■ **PROBLEM TO WORK ON**:
Using the material that follows, output exactly the lines from the one containing "Rare and unusual" through the one containing "French Empire Side Table Kidney Bean Form", with both ends kept.

*** MATERIAL TO PROCESS

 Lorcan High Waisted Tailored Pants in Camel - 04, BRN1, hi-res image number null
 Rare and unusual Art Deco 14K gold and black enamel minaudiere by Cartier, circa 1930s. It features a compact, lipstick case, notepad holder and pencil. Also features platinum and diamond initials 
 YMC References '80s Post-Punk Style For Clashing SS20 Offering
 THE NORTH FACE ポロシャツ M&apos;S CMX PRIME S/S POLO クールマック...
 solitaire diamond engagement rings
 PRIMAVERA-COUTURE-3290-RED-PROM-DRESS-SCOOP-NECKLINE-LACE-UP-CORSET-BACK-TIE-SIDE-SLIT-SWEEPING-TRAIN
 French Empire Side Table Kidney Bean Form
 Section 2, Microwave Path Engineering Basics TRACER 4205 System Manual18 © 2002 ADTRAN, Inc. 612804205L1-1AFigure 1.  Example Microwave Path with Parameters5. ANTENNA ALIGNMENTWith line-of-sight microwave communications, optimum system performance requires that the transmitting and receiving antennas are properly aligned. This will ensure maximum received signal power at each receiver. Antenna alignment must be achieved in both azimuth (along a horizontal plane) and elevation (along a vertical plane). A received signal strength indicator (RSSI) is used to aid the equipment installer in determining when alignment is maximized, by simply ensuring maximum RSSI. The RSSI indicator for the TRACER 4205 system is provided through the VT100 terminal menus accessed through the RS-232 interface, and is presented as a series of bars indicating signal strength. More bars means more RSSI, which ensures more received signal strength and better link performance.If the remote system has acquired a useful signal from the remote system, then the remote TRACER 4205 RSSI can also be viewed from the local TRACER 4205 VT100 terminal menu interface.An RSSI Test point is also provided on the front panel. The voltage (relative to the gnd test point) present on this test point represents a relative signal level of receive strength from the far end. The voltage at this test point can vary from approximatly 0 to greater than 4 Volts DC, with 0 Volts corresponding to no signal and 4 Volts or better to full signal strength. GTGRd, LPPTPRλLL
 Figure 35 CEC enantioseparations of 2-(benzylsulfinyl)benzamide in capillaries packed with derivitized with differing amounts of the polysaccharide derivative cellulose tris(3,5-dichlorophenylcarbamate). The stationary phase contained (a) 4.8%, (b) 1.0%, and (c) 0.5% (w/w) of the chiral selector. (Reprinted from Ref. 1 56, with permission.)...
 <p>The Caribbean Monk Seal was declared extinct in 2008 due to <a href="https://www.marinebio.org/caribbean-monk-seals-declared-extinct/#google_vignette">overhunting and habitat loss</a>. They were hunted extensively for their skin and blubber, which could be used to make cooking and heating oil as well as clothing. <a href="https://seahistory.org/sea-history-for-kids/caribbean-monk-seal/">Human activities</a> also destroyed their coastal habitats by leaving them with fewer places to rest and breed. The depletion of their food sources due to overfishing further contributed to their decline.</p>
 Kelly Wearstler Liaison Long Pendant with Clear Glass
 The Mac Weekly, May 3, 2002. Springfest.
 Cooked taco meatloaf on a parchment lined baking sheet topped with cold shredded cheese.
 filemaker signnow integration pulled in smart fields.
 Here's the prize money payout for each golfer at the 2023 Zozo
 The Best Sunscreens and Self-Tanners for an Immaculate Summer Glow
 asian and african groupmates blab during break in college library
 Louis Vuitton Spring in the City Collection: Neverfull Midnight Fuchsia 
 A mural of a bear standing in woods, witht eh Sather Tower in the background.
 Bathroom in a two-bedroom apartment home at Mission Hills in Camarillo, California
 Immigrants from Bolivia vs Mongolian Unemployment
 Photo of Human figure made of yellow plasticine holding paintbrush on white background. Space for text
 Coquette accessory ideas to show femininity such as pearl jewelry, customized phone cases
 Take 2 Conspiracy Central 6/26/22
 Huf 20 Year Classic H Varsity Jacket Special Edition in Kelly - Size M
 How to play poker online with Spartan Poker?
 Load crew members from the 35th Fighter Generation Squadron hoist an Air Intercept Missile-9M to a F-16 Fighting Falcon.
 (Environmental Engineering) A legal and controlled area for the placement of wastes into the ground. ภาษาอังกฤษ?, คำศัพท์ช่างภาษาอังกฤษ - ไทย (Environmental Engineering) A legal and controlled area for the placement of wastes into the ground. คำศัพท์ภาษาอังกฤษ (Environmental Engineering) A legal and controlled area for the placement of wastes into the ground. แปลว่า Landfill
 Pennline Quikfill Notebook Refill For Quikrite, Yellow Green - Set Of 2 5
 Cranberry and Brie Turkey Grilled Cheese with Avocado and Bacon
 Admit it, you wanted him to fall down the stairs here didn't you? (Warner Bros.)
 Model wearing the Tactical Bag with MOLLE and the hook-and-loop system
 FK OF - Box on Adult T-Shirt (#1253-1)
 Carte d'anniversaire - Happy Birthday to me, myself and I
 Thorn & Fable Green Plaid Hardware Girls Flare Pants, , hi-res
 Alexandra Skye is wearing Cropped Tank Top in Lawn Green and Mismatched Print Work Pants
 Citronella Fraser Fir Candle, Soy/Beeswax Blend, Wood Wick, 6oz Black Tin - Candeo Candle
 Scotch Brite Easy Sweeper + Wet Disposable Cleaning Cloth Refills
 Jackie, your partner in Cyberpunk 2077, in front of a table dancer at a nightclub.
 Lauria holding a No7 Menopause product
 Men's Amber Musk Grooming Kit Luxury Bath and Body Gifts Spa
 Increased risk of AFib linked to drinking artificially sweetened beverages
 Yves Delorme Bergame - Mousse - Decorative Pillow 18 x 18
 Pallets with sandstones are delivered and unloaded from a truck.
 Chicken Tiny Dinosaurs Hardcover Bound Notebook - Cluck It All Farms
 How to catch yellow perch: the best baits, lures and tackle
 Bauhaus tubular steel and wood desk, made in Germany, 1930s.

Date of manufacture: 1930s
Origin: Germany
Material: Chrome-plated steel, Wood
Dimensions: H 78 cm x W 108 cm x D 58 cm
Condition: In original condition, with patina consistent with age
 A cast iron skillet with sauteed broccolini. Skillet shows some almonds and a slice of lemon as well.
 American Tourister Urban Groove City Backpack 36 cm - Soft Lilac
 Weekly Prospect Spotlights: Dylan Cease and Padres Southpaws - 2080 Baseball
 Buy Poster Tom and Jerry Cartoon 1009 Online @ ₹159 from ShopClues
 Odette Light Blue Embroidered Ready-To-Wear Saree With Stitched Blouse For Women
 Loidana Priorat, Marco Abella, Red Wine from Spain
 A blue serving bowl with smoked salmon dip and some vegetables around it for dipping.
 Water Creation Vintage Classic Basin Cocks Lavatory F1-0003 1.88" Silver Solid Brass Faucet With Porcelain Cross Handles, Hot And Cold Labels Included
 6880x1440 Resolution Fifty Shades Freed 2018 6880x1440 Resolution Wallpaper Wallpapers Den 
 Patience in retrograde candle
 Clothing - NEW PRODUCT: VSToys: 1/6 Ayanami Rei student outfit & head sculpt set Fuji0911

******

■ **EXERCISE RESPONSE**:
 Rare and unusual Art Deco 14K gold and black enamel minaudiere by Cartier, circa 1930s. It features a compact, lipstick case, notepad holder and pencil. Also features platinum and diamond initials 
 YMC References '80s Post-Punk Style For Clashing SS20 Offering
 THE NORTH FACE ポロシャツ M&apos;S CMX PRIME S/S POLO クールマック...
 solitaire diamond engagement rings
 PRIMAVERA-COUTURE-3290-RED-PROM-DRESS-SCOOP-NECKLINE-LACE-UP-CORSET-BACK-TIE-SIDE-SLIT-SWEEPING-TRAIN
 French Empire Side Table Kidney Bean Form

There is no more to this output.